Shoulders sought "some tripping ideas" in a May 2000 alt.drug.psychedelics posting. Noting that "tripping is fun," Shoulders wrote that, however, "there are a few dead spots everytime our group trips (which is not often because it is very hard to find). Are there any games or activities anyone can suggest to fill in the dead spots where we are sitting around anxiously on the carpet trying to think of something to do?"

Finally, while CBS disclosed Hastie's misdemeanor bust, the network forgot to mention that another "Survivor" contestant was popped last year for drunk driving.

Jon Dalton, 29, was arrested last February by Los Angeles cops for driving under the influence, a misdemeanor. He entered a no contest plea on March 14, 2002 to the DUI count and a charge of driving without insurance. Dalton, who CBS claims recently worked as a "senior art consultant," was sentenced to two days in jail, placed on probation for three years, and ordered to attend an alcohol education program. He also paid fines and fees totaling $1656.
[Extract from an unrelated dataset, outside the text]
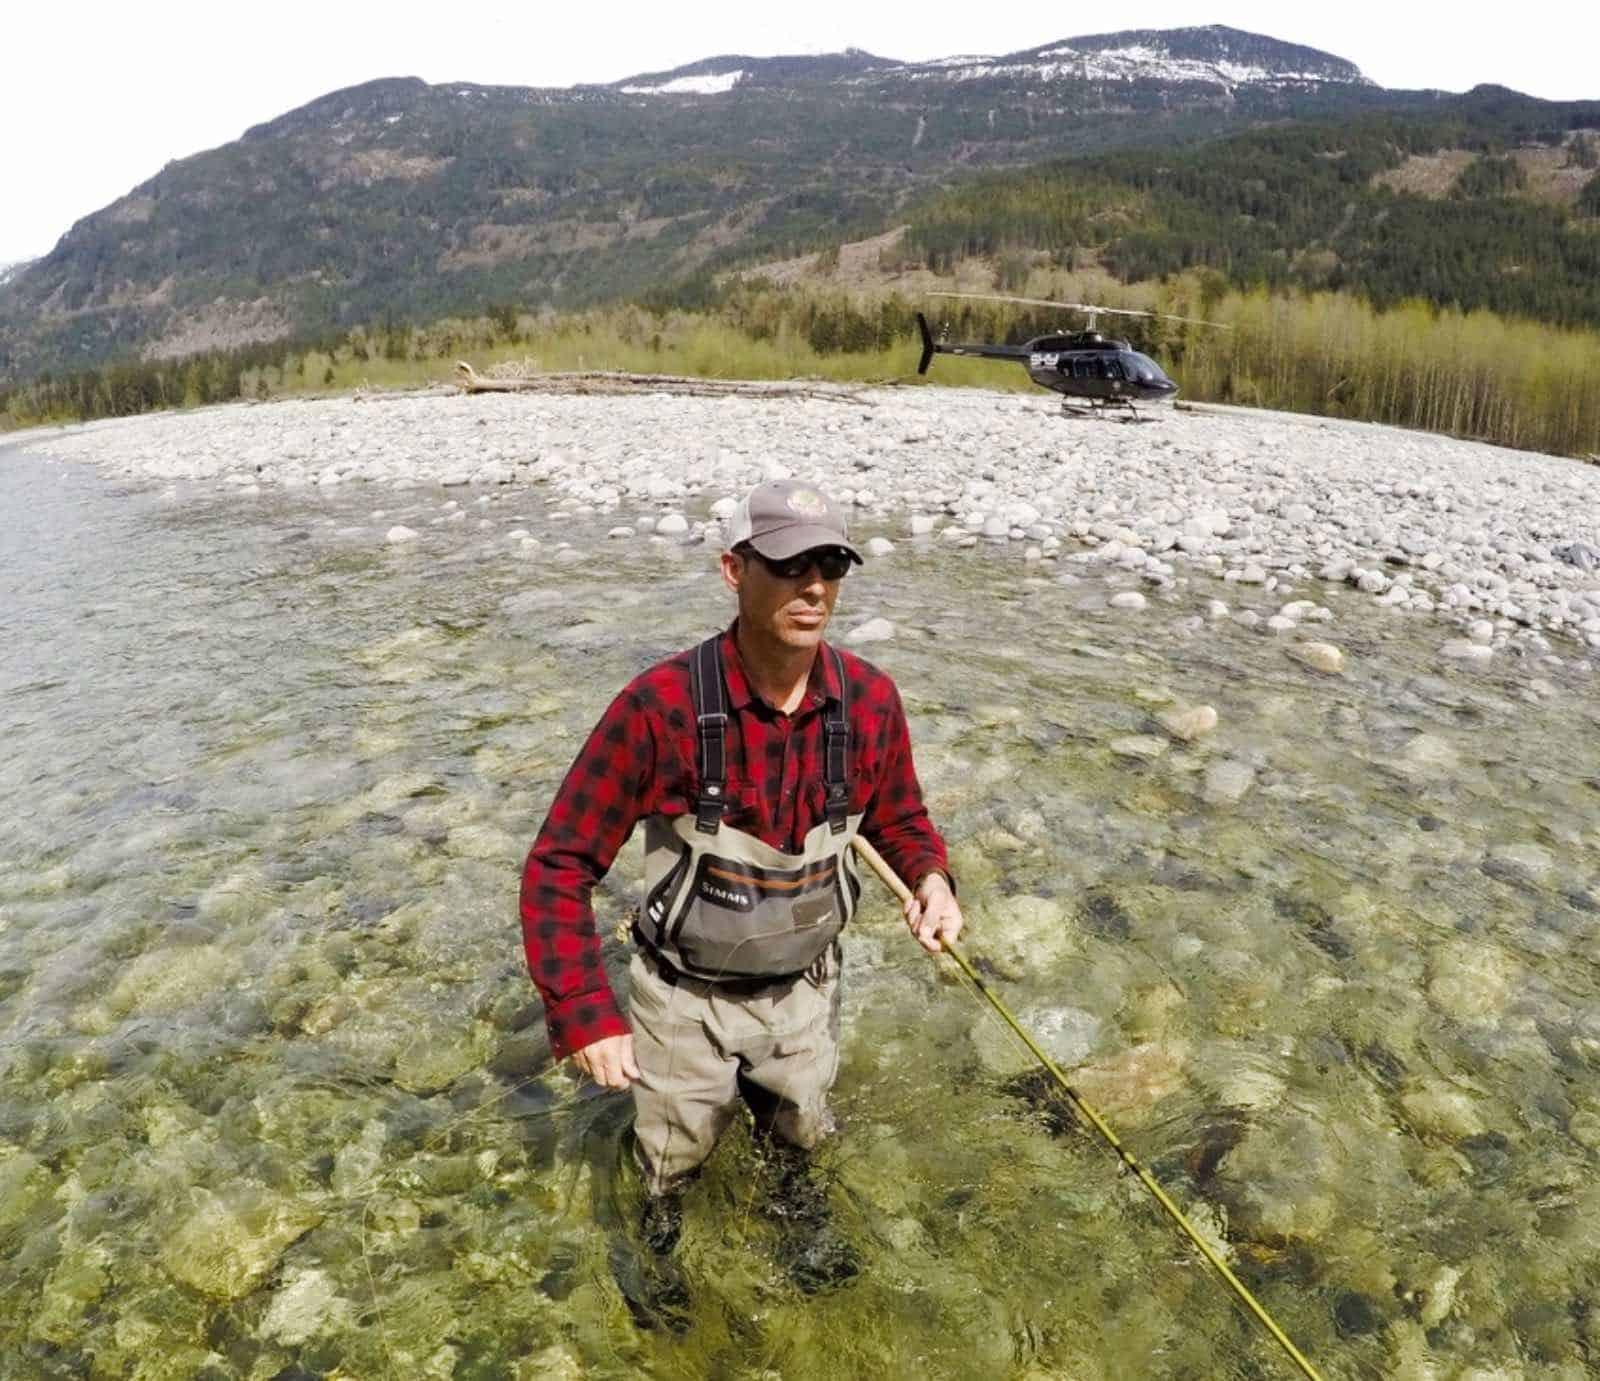 Heli Fishing Pitt River BC

Ryan OprayRyan Opray, 31, was arrested in February 2000 by California cops and charged with vandalizing the lawns of nine homes in his Los Gatos neighborhood. Opray apologized to police for the vandalism, which he referred to as "lawn jobs." According to this police report, Opray told cops that he did the damage with a Ford F-150 pickup truck while driving home (at 3:30 AM) from a night of partying at a Santa Clara club.

Opray pleaded no contest to eight misdemeanor charges and performed community service and paid restitution totaling $938.

CBS spokesperson Colleen Sullivan said that Hastie's April 2000 arrest was included in her bio because the facts of the case were "kinda funny." Hastie pleaded to the charge and was sentenced to a year's probation, five days of community service, and ordered to pay restitution. Sullivan said the network was aware of Dalton's drunk driving case.

As for the Usenet postings by Hastie and Shoulders, Sullivan said that the network would not comment on such "speculation" and refused to say whether CBS was aware of the drug-related messages before being contacted by a TSG reporter. While Sullivan confirmed details of the Hastie and Dalton criminal cases, she repeatedly refused to address the drug messages, since the postings were not "public," as are the details of court cases. "Survivor" finalists are subjected to drug testing, said Sullivan, who added that such a test resulted in the dismissal of one previous "finalist" who tested positive.

Comments (1)

who cares? jesus, just about everyone consumes some sort of drug, the person who wrote this article probably sparked up a fat blunt while writing this. While meth is indeed the sleaziest of the sleazy drugs, does this have anything to do with anything, let alone the contestants ability to compete on survivor? no, it doesn't. I feel bad for these people, just because they're on a game show, they are subjected to all this scrutiny of their past. Damnn, who hasn't experimented with drugs in college, or got hammered & done something stupid? No one. Leave these people alone, just because they we're selected to compete on survivor doesn't mean that they're saints. Anyway, I'm going to go drop some acid and watch survivor naked while eating jello.